By now, most job seekers know that a general resume is not a one size fits all solution to their  job search. Each role requires a tailored resume, with specific resume keywords, accomplishments and other small customizations.

It helps to start with a solid industry-specific resume to act as a strong baseline in your job search. Start here if you want to write or improve upon your tech resume.

Keywords, Wording and Expanding Phrases

Believe it or not, the type of words and phrases you use in your resume can determine whether or not you get a job. When tailoring a resume, you should make sure skills and keywords correlate to the job posting exactly. This step appeals to both applicant tracking systems and hiring managers. In tech, these keywords will often be software and other skills like:

  • C#

  • C/C++

  • HTML

  • CSS

  • SOAP

  • Visual Studio

  • TFS

  • Python

  • Hadoop

  • Java

On a tech resume, it is especially important to explain how you came to learn each skill. For example, through a certain project, accomplishment or certification. Hiring managers want to know where your expertise comes from and in which ways each skill has been utilized.

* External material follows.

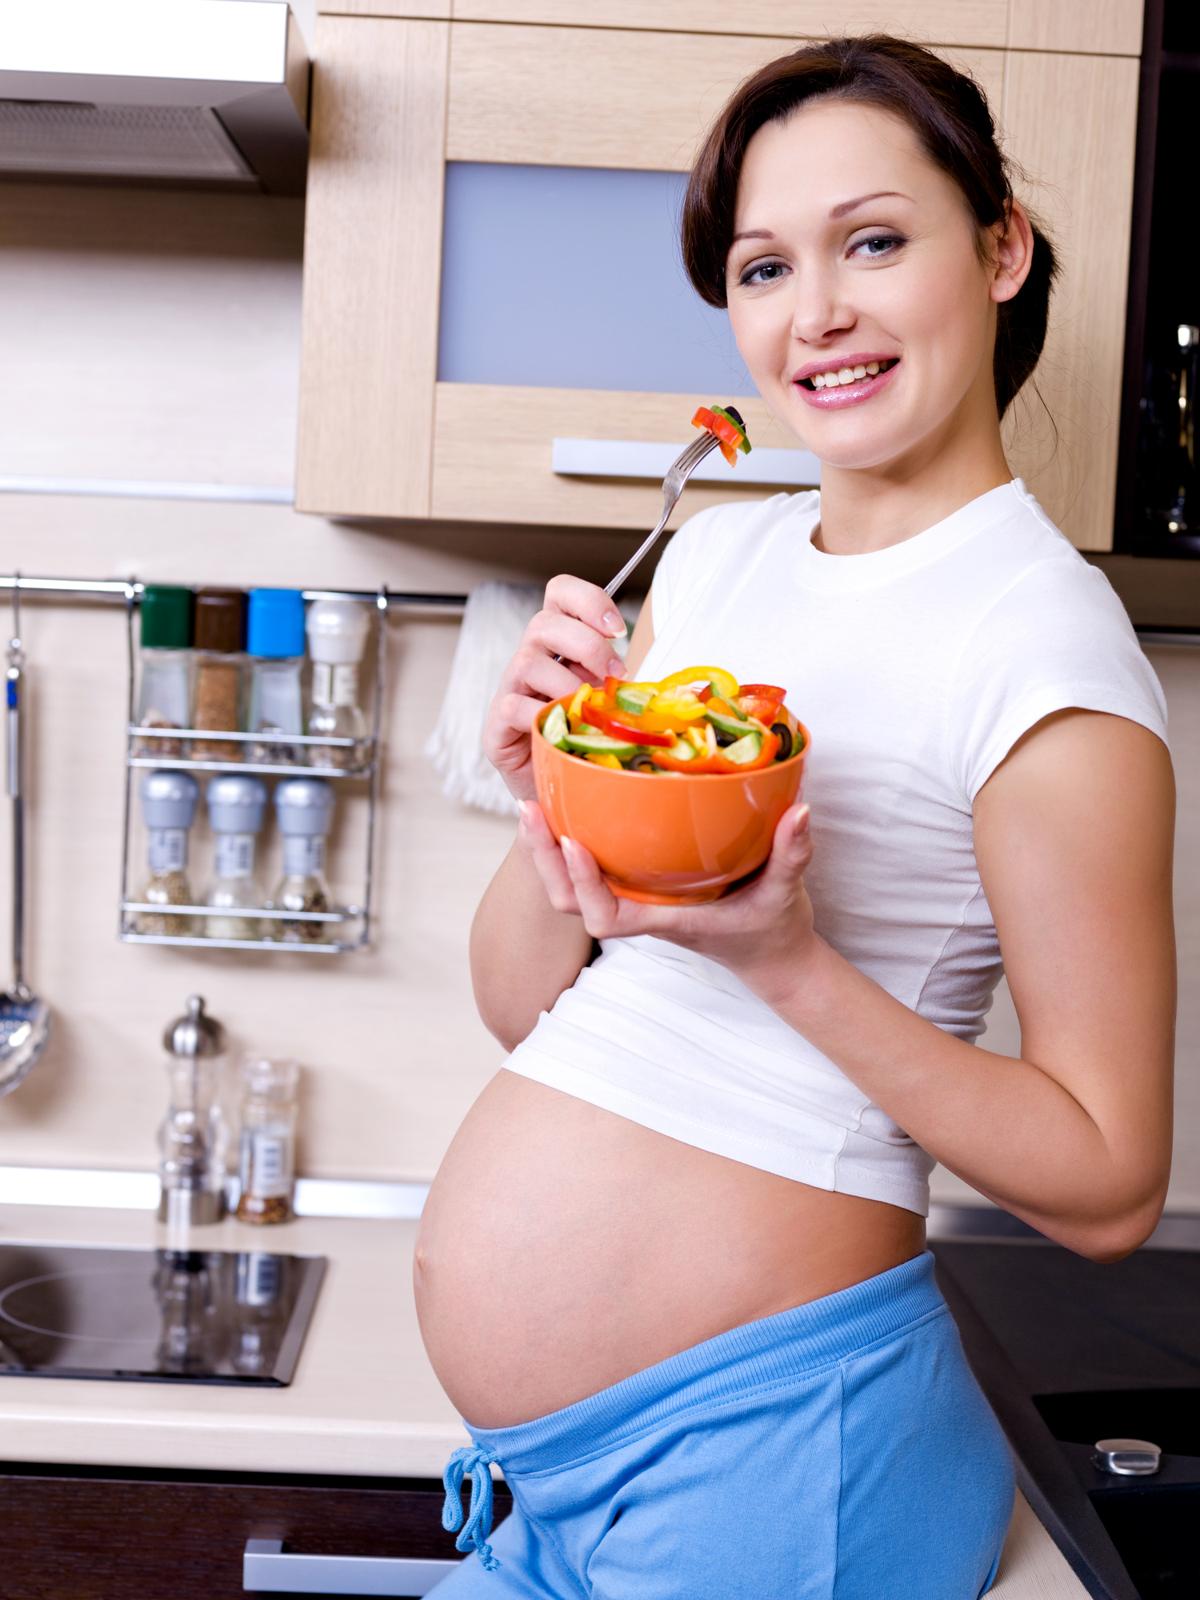 Harmful Pregnancy Myths You Should Ignore

If you find you are lacking important skills, certifications through online courses are a great way to gain beginner or intermediate-level skills without spending much money. Side projects, or contributing to open source projects, are other great ways to gain technical experience. Certifications and side projects help set you apart from other candidates.

Another way to make improvements on your tech resume to update your job titles. First, take a closer look at the responsibilities of the job for which you are applying. Are these responsibilities very similar to a job you’ve had in the past? If so, it is appropriate to edit the job title of a previous position to match the title of the job being advertised.

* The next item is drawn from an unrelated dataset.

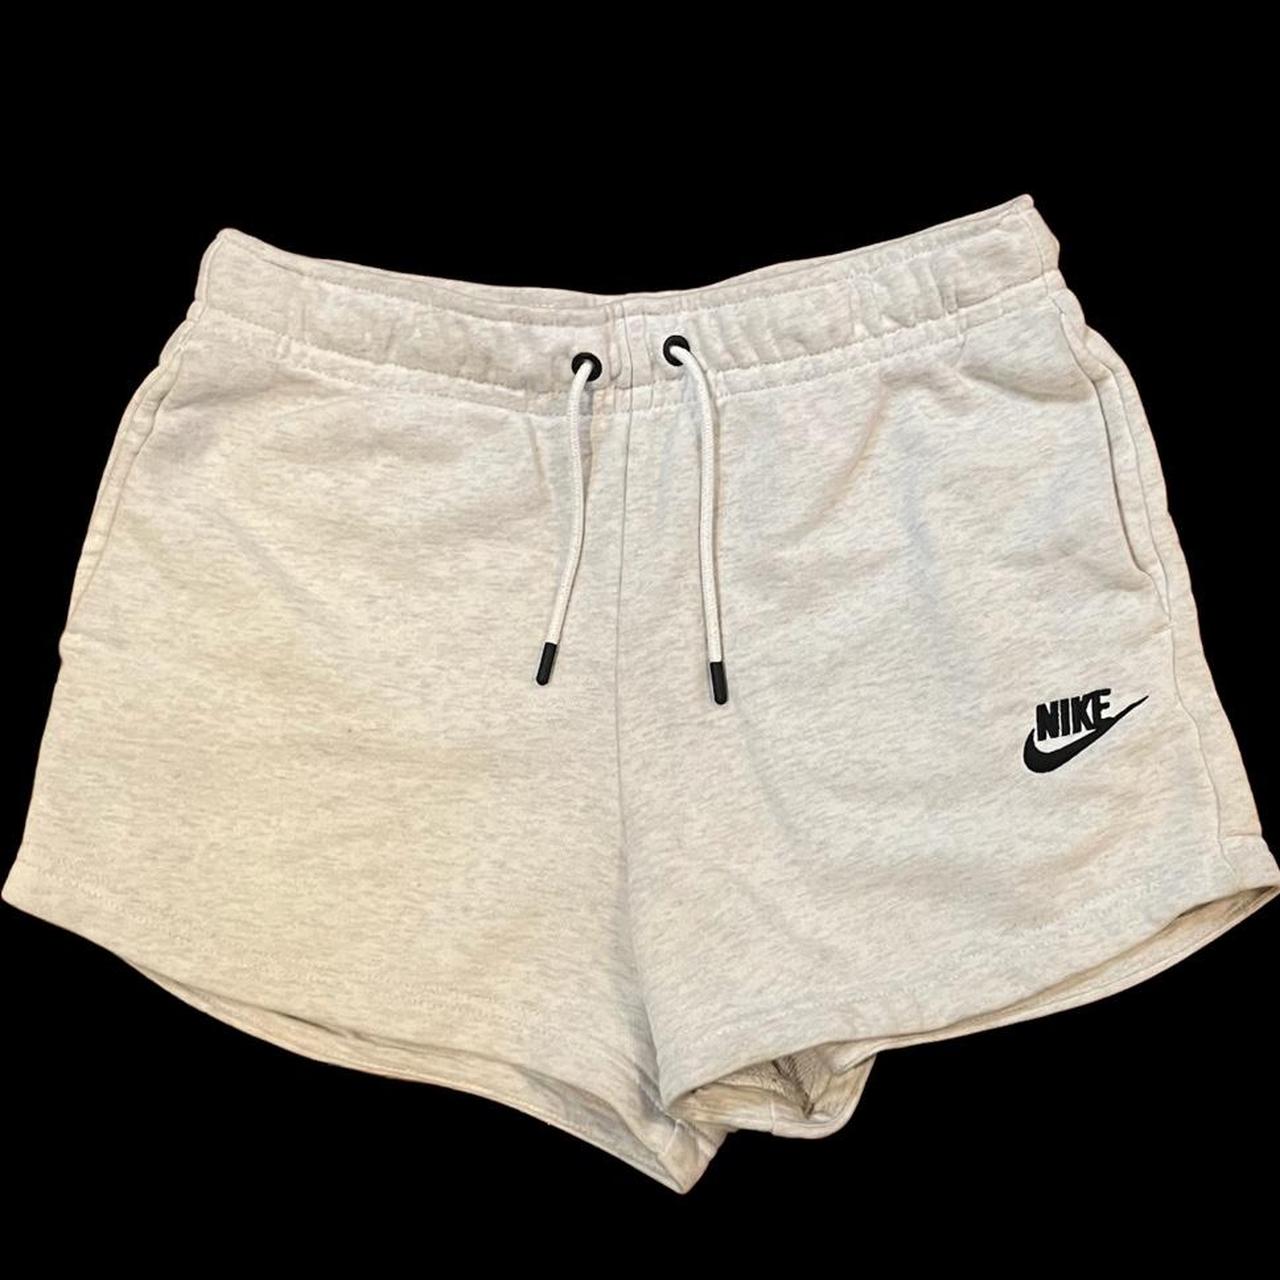 Nike Women's Grey and Black Shorts

For example, if your previous official job title was “Big Data Developer” but your role included many similarities to the “Big Data Architect” role to which you’re applying, it’s acceptable to change the job title on your resume to match.

Parentheses can also be used. For instance, if your previous, “fun” company called you the “Manager of All Things Data,” you might want to put “Senior Data Scientist” in parentheses so there’s no confusion.

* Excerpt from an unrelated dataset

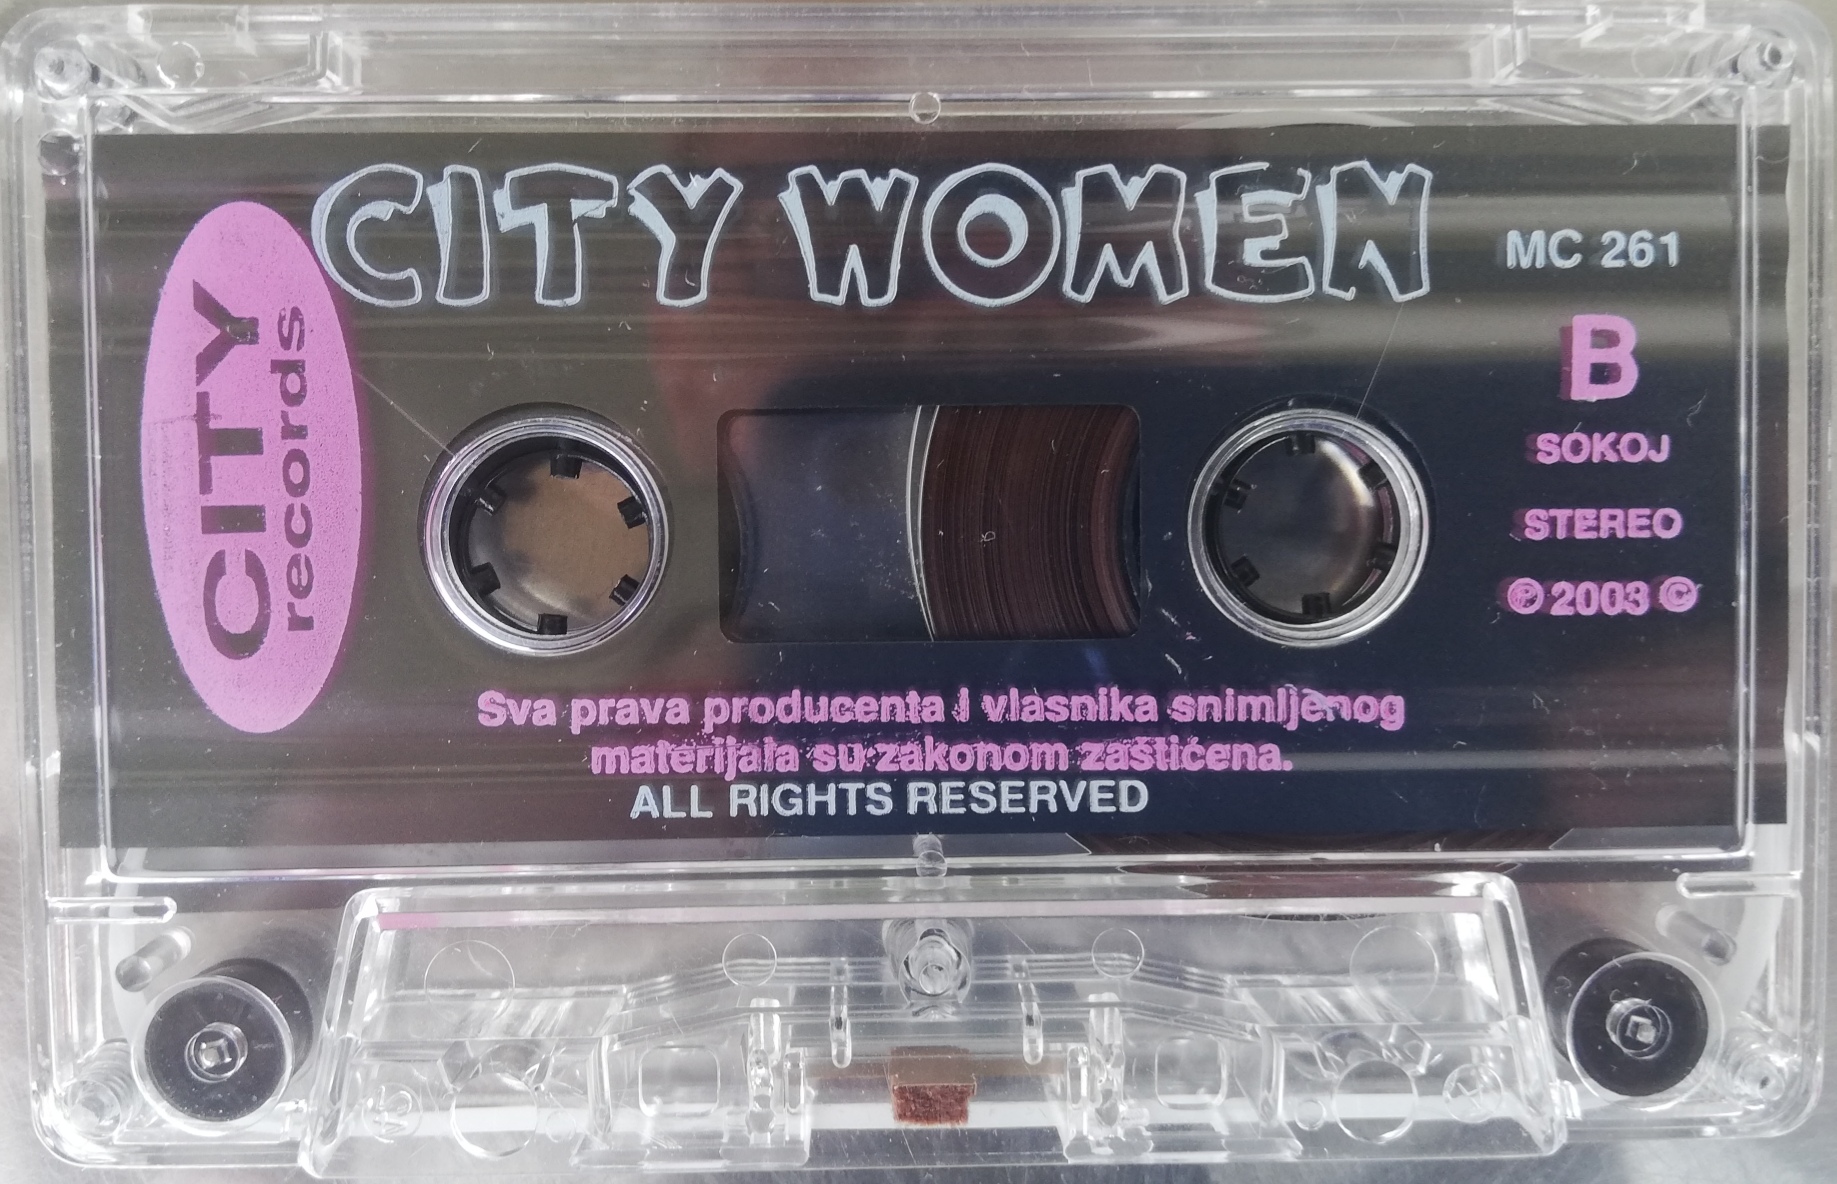 City Women 2003 4

This is a great way to make sure the hiring manager sees your value even if just quickly scanning your resume.

Eliminate the “Fluff”

A tech resume should never have “fluff,” or extraneous information. This might include your interests, irrelevant coursework and weak soft skills. After all, if you’re applying for a job in the tech industry, your resume should be technical.

The first place to look for fluff is in your summary statement. If your resume currently has a summary statement, ask yourself whether or not it is completely necessary. Summary statements can be useful when shifting careers, because they point out quantifiable accomplishments that may relate to the new career path, but in most cases don’t add much value.

So which sections are completely necessary? As a rule of thumb when writing a tech resume, it’s best to use the space you have to detail your relevant employment history and skills. Focus on your accomplishments, contributions to specific projects, results and other quantifiable information like stats and percentages.

The best tech resumes are clear, to the point and highly specialized to the industry. Show your accomplishments in the best light. Highlight the top skills needed for each job. Use side projects and certifications to set you apart from the crowd.